Where to begin? The fundamental separation of women’s work and men’s work and how that helps push us towards distinctions in class and employment? The absolutely delicious correlative drawn tracing the role of exploit in men’s work through the taking of trophies through the evolution of consumerism? The most academic dissection of the concept (and futility of) of keeping up with the Joneses ? WHY we have to keep up with the Joneses in the first place? The implications of manners and the deeper understanding of good breeding? Deconstructing the differences between practical labor and status-based vicarious leisure? The status-based perceptions of drunkenness (though doubtless a shift in perception of that in modern times would be expected.) It’s really awesome, isn’t it?

This is what presents the problem. I really enjoyed the entire reading and so am finding it really difficult to pick any single passage to focus on, but I’m going to try to apply some of Veblen’s more individually minded observations to a general societal problem.

The self-evident comparisons between Veblen’s cautionary observations and America’s modern credit crisis are overwhelming and not particularly interesting to comment on, except that we clearly haven’t learned anything in a century (a common theme of its own in this class). However, a few points that he makes point to a general societal problem that is only growing more pervasive. So I give you several quotations in a row and address them all together…
“Very much of squalor and discomfort will be endured before the last trinket or last pretence of pecuniary decency is put away. There is no class and no country that has yielded so abjectly before the pressure of physical want as to deny themselves all gratification of this higher or spiritual need.”

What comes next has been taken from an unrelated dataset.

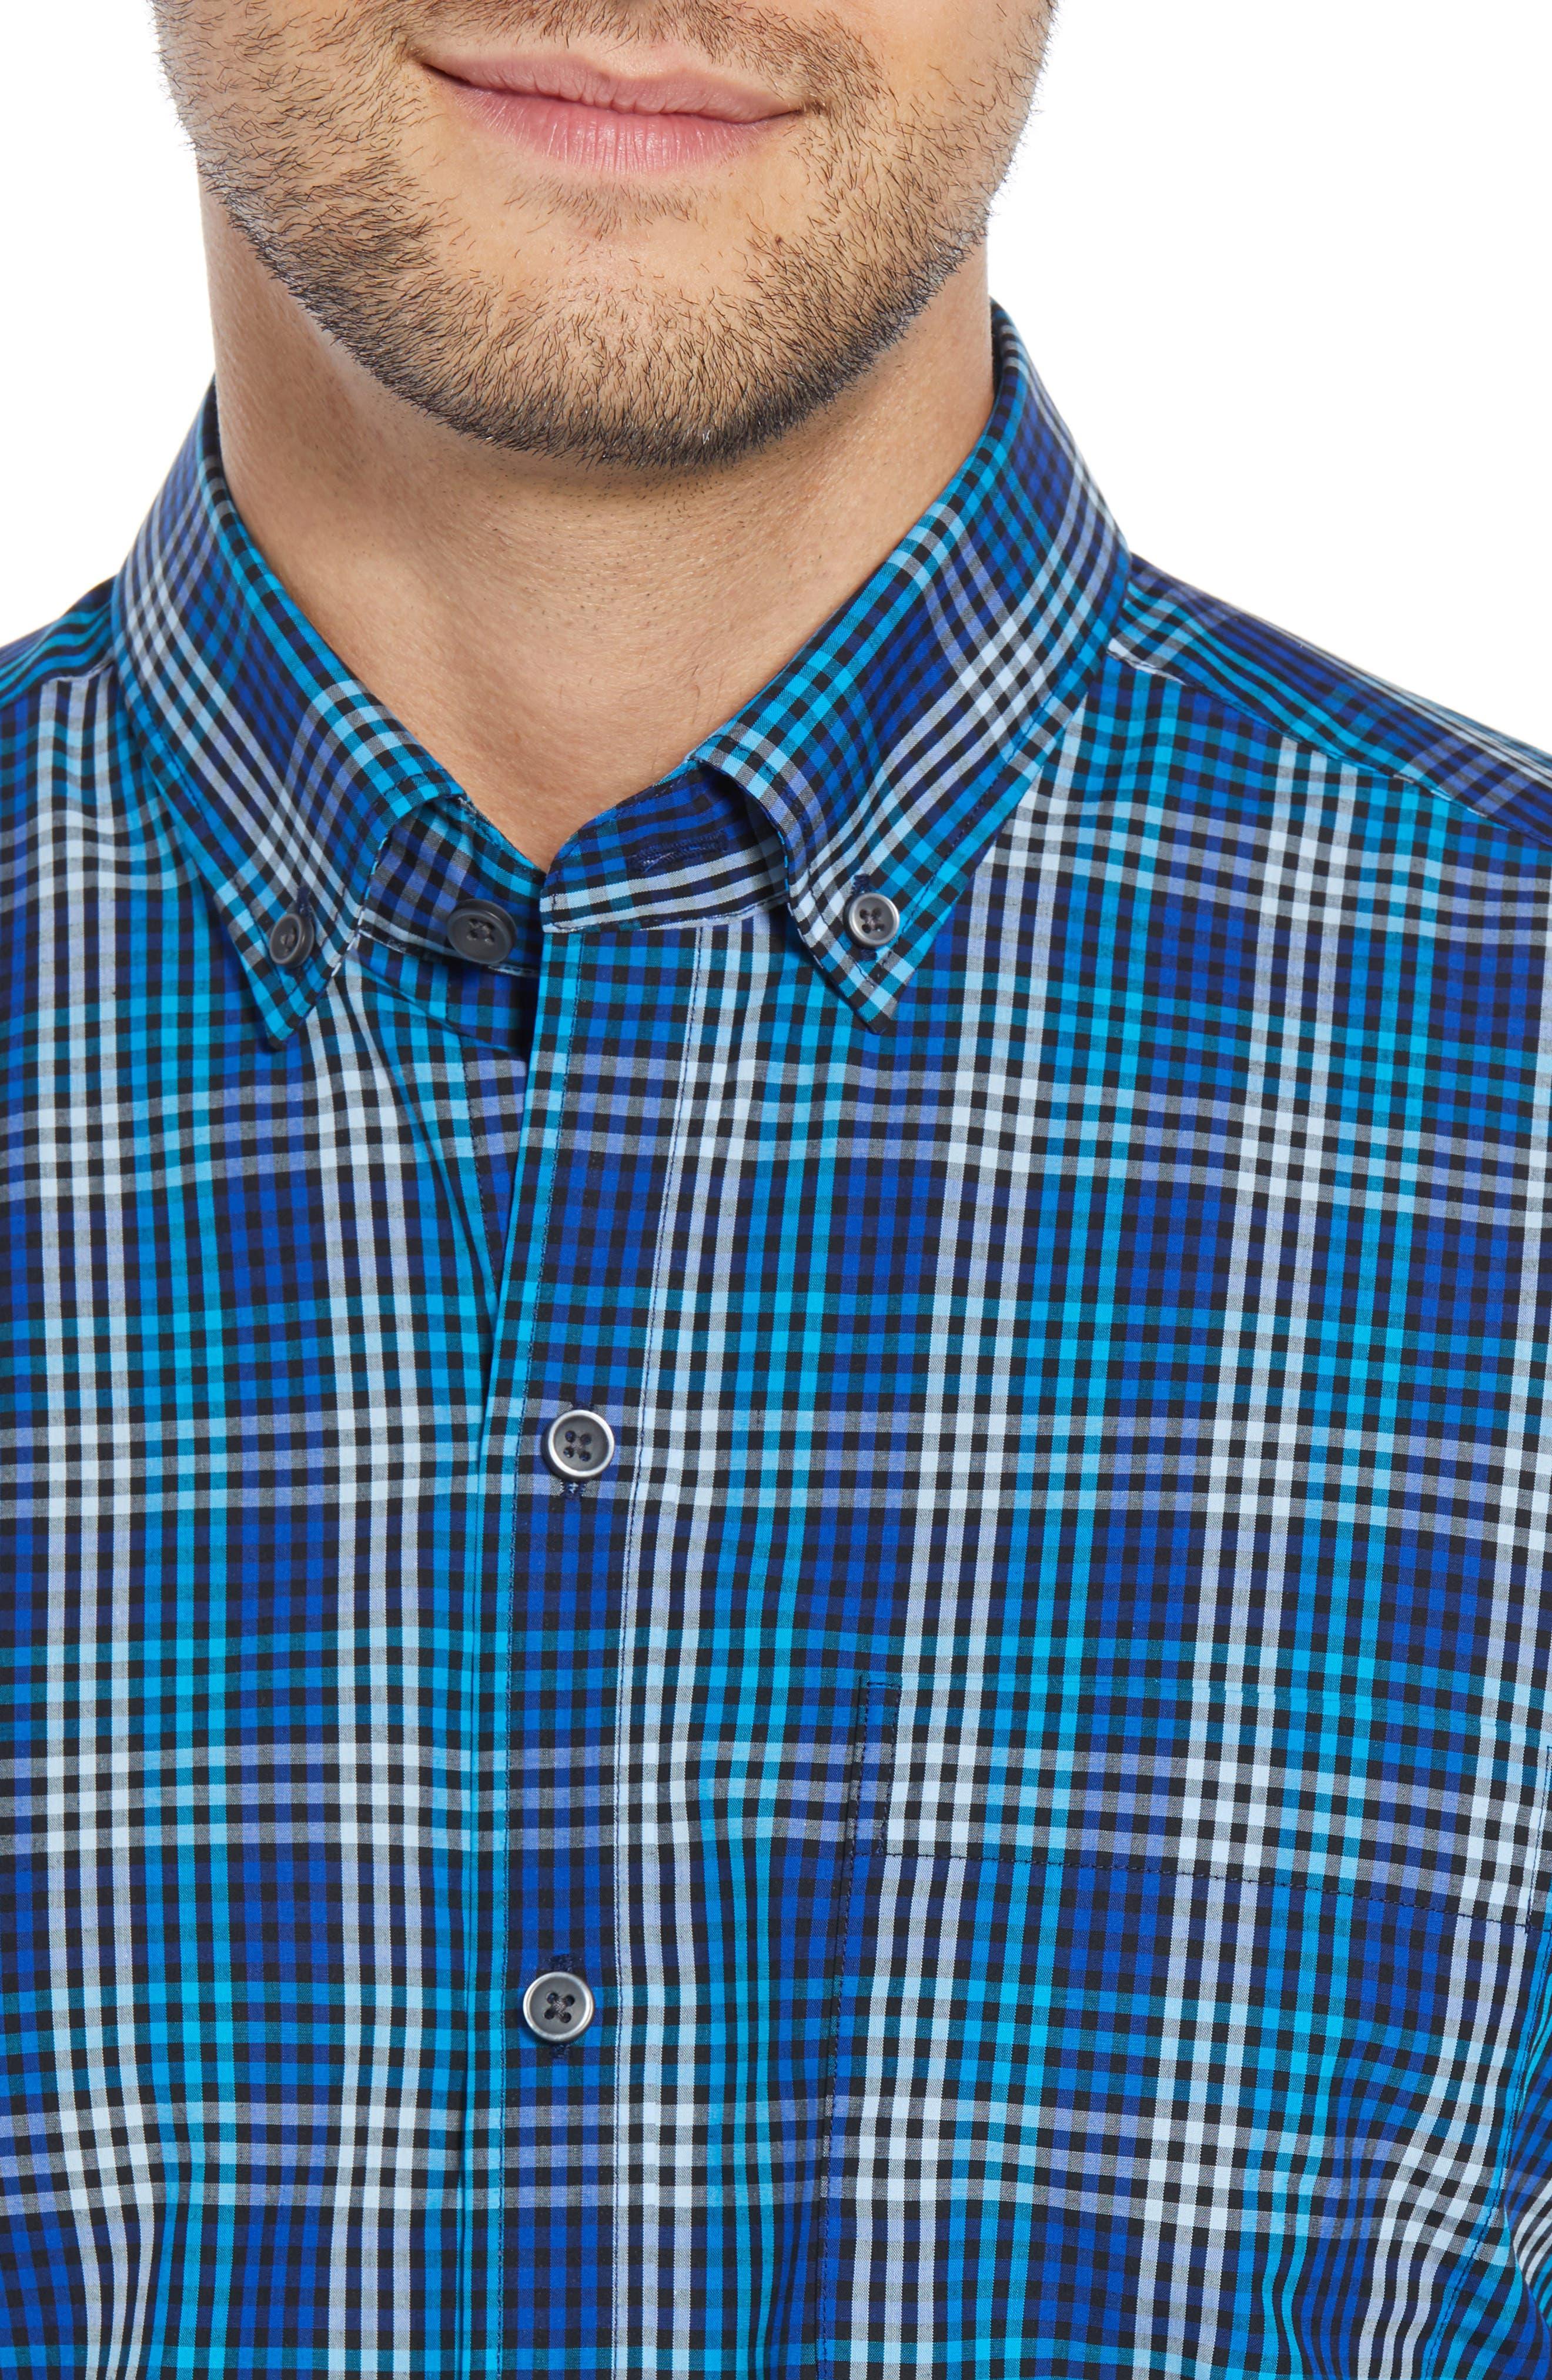 Regular Fit Non-Iron Sport Shirt,                             Alternate thumbnail 2, color,                             ORBIT

“The means of communication and the mobility of the population now expose the individual to the observation of many persons who have no other means of judging his reputability than the display of goods (and perhaps of breeding) which he is able to make while he is under their direct observation.”

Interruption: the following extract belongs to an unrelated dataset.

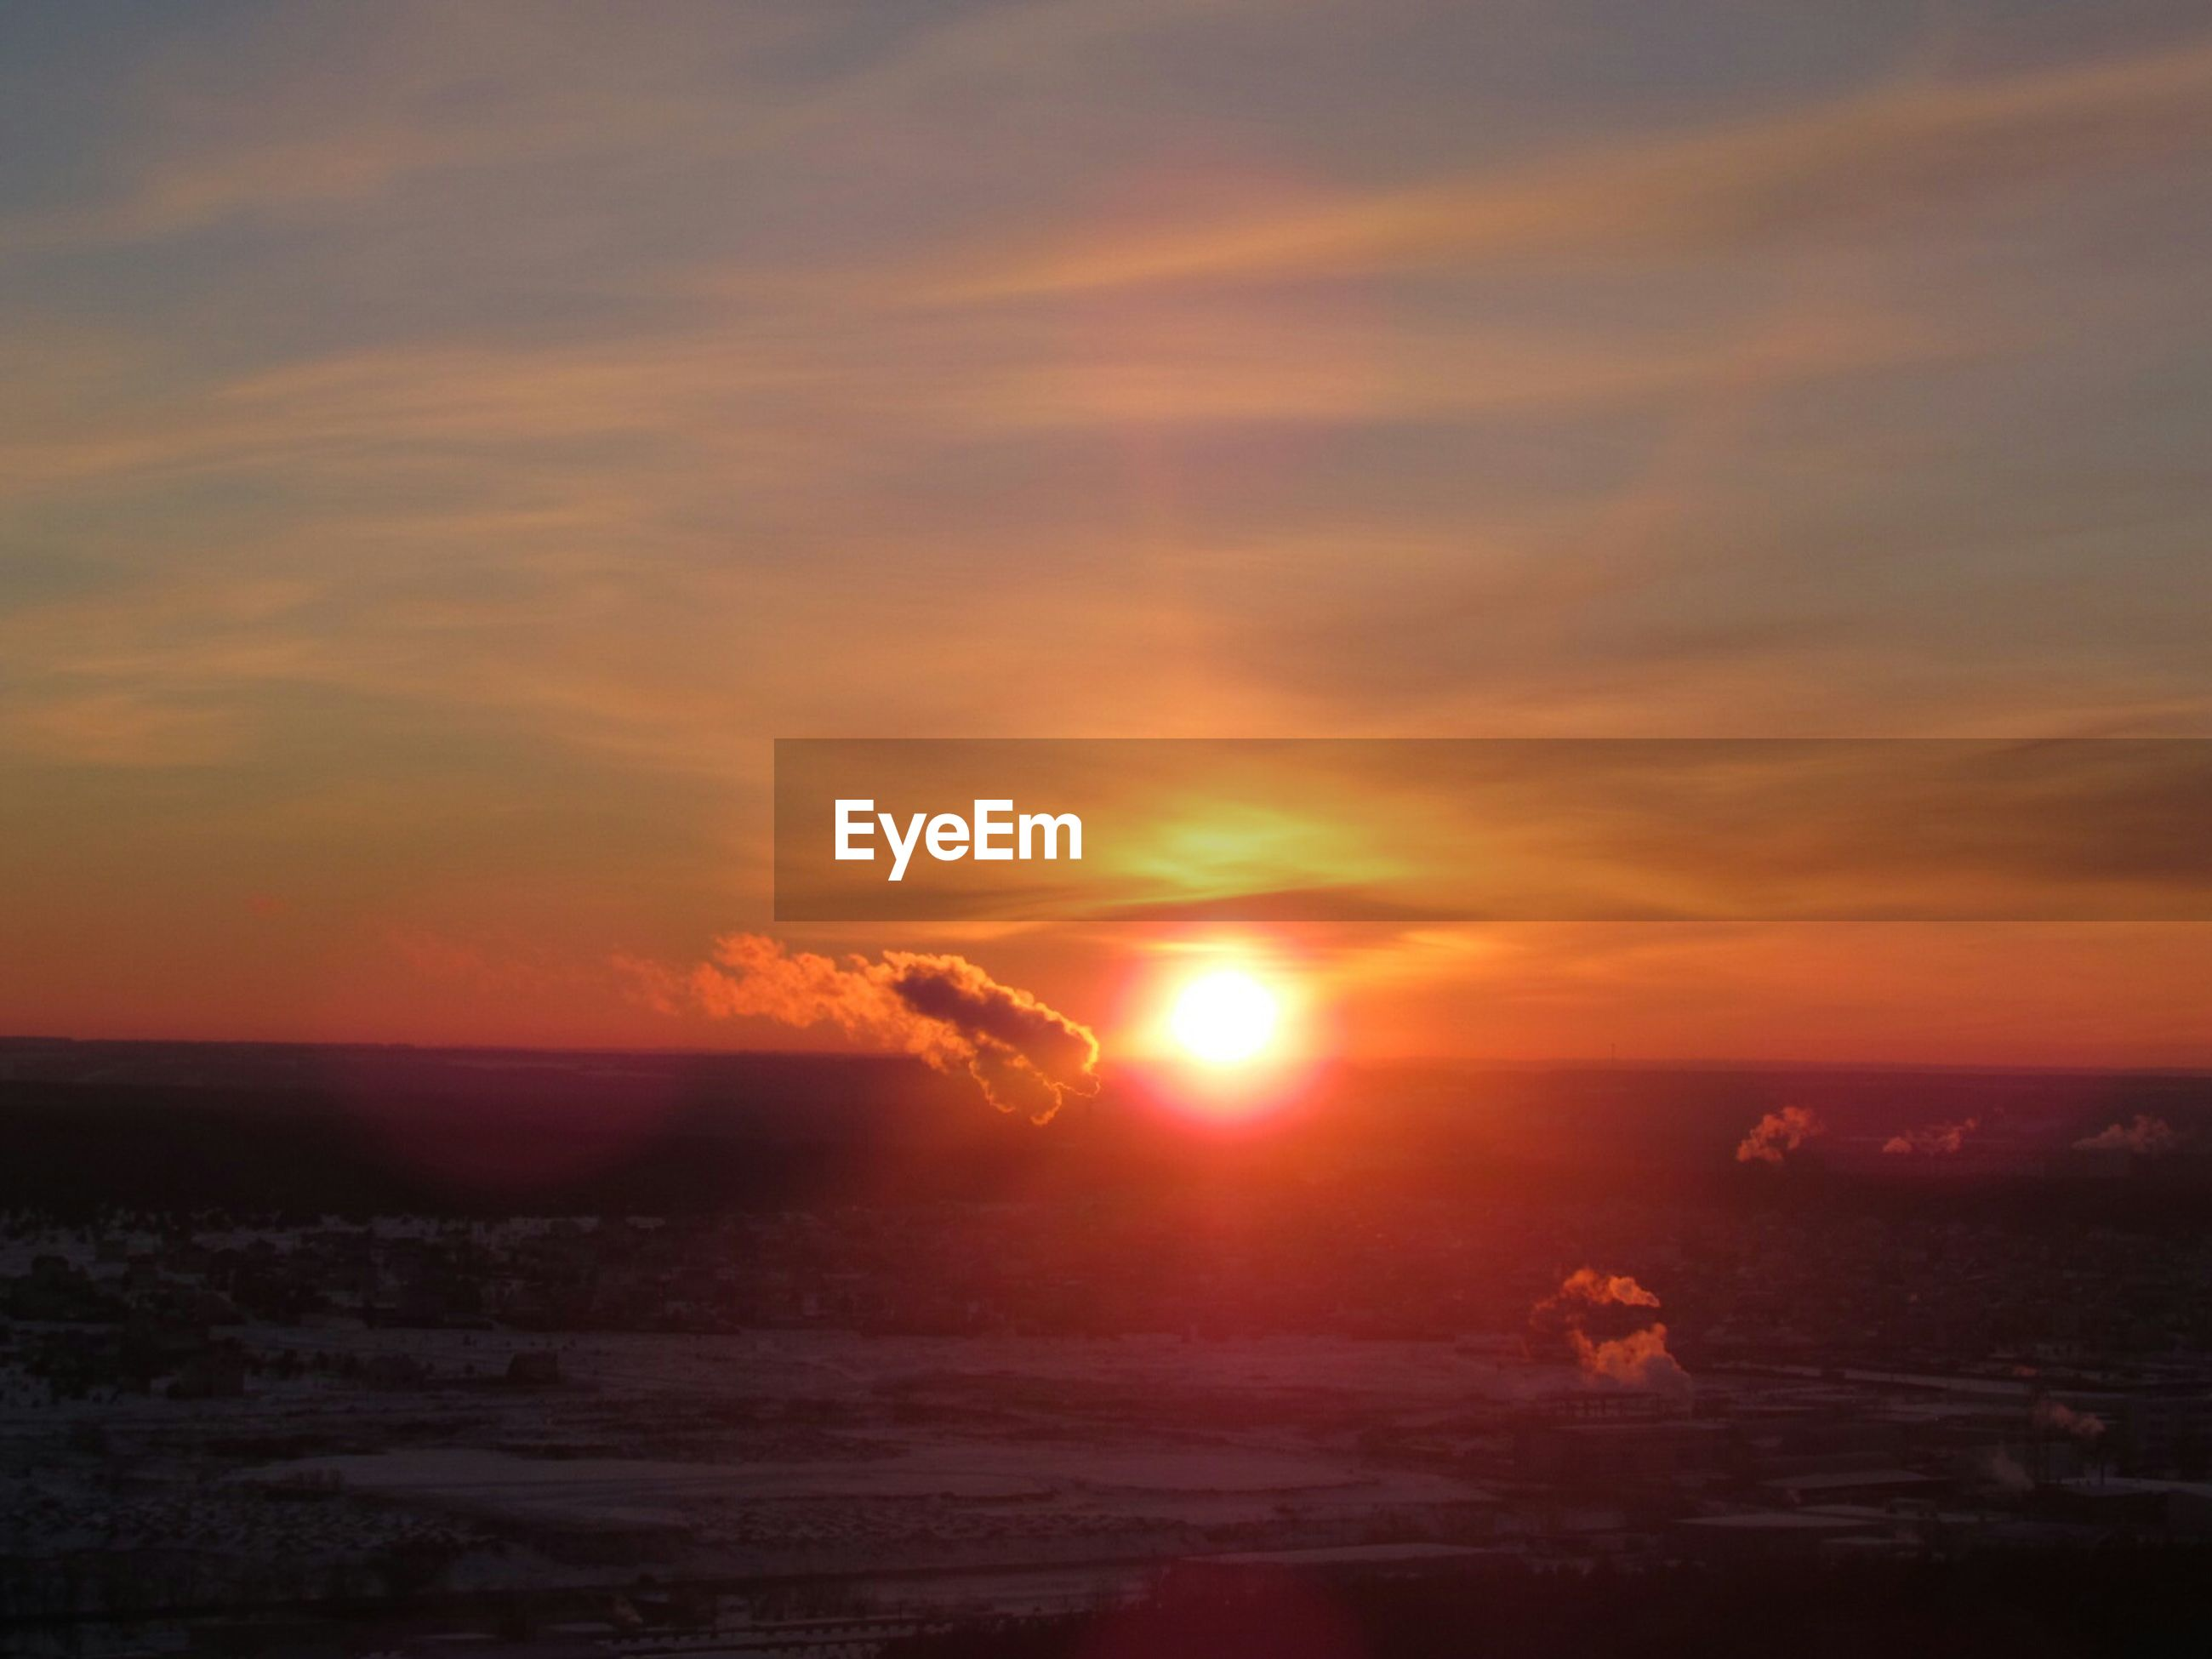 sunset, sun, orange color, scenics, tranquil scene, beauty in nature, tranquility, sky, idyllic, nature, landscape, cloud - sky, silhouette, sunlight, outdoors, remote, sea, cloud, horizon over water, non-urban scene

“It frequently happens that an element of the standard of living which set out with being primarily wasteful, ends with becoming, in the apprehension of the consumer, a necessary of life, and it may in this way become as indispensible as any other item of the consumer’s habitual expenditure.”

So what do we do with all of these together? Well, the mass psychosis of modern over-consumption and debt can be found here. First, people will buy long after it ceases to be prudent or advisable, because the act of gratifying one’s wants is far more pleasurable than the process of responsible self-denial, particularly in a world that makes want gratification so easy!
What makes them want so many things? Part of it is the relentless inundation of marketing, but the other part of it is the constant exposure to other people’s gains. A century ago, who did we have to compare ourselves with? Family, neighbors, and public figures. Now, it’s everyone on the internet, so really, it’s everyone. For a culture already overly comfortable with relentless consumption comparison, potentially comparing yourself to everyone on the Internet is staggering and is exercising transformative impact over definitions of ‘good breeding’ and the display of goods.

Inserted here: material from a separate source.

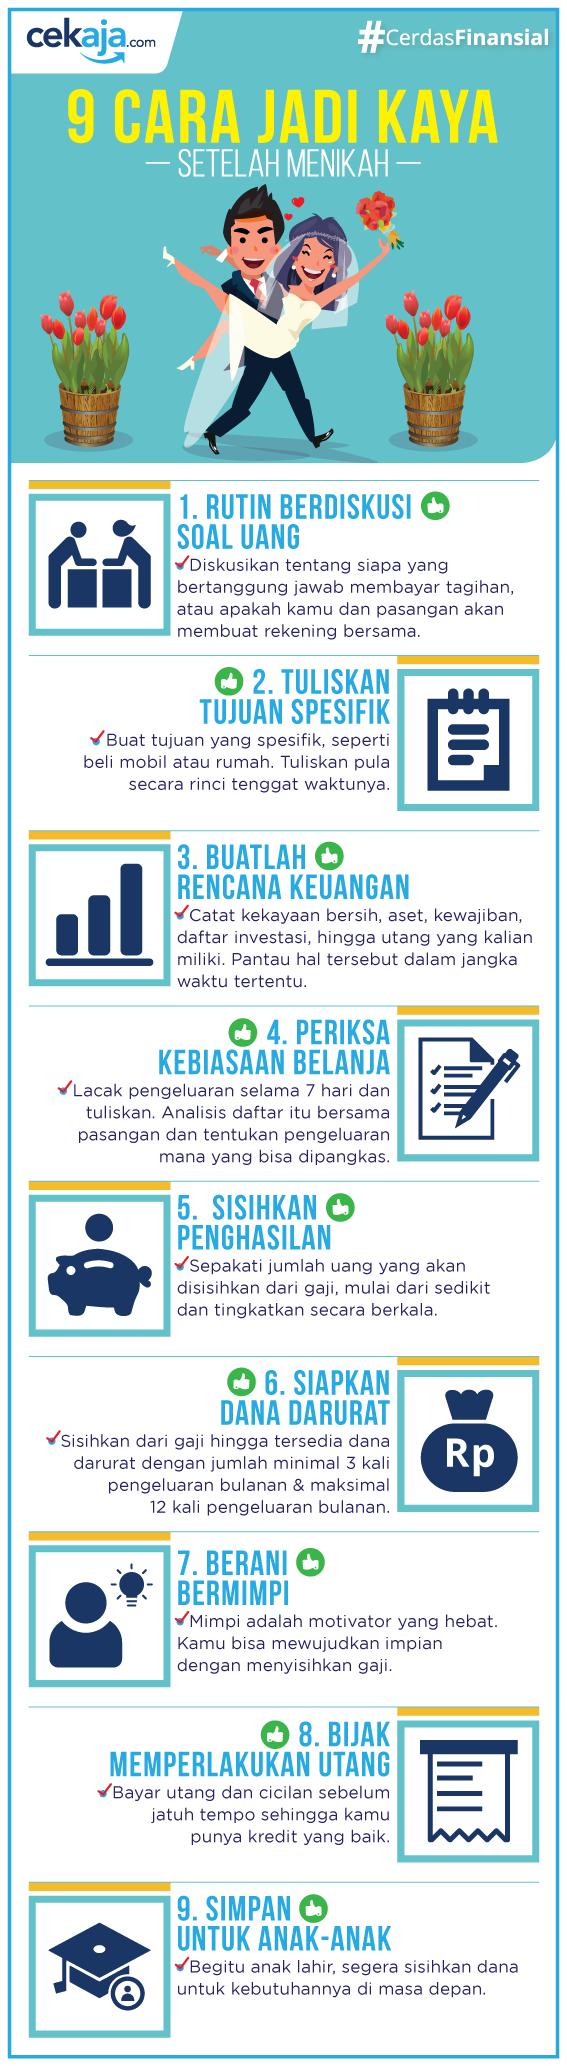 infografis-kaya setelah menikah - CekAja.com

In terms of breeding, there has been a bit of a reactionary revolt against standards we had held before. Language has deteriorated thanks to “lol-speak” and texting grammar. A basic decorum and reservation of manner has been replaced by relentless over-sharing and a celebration of gauche crudity (hello reality television) because people want to identify more with the people on their televisions, so instead of aspiring to greater successes, they drag their celebrities down to their level.
However, despite bringing the aspirational figures down to a more manageable level, society still covets and produces and consumes at an ever-increasing pace. Technology has reduced product cycles and attitudes towards innovative products have shifted from ‘evaluate carefully and then plan a purchase’ to ‘buy the latest, greatest amazing thing because it will TOTALLY CHANGE YOUR LIFE’.

Easy access to credit has made that possible in a way Veblen could have never anticipated. No longer do you even have to struggle to maintain an aura of conspicuous consumption, banks will enable you to have whatever you want, whenever you want, so long as you pay for it for the rest of your life. People value goods less because they have to work less (on the front end) to receive them. Society as a whole does not fundamentally appreciate that at some point, things bought on credit must be paid for. As a result of this, while people continue to spend and spend to match up to their ‘peers’ and maintain their sense of self-worth, they are in fact destroying their own capacity for financial self-determination and potential for ascending the class ladder by indebting themselves beyond repair. If it weren’t so sad, it would be almost funny.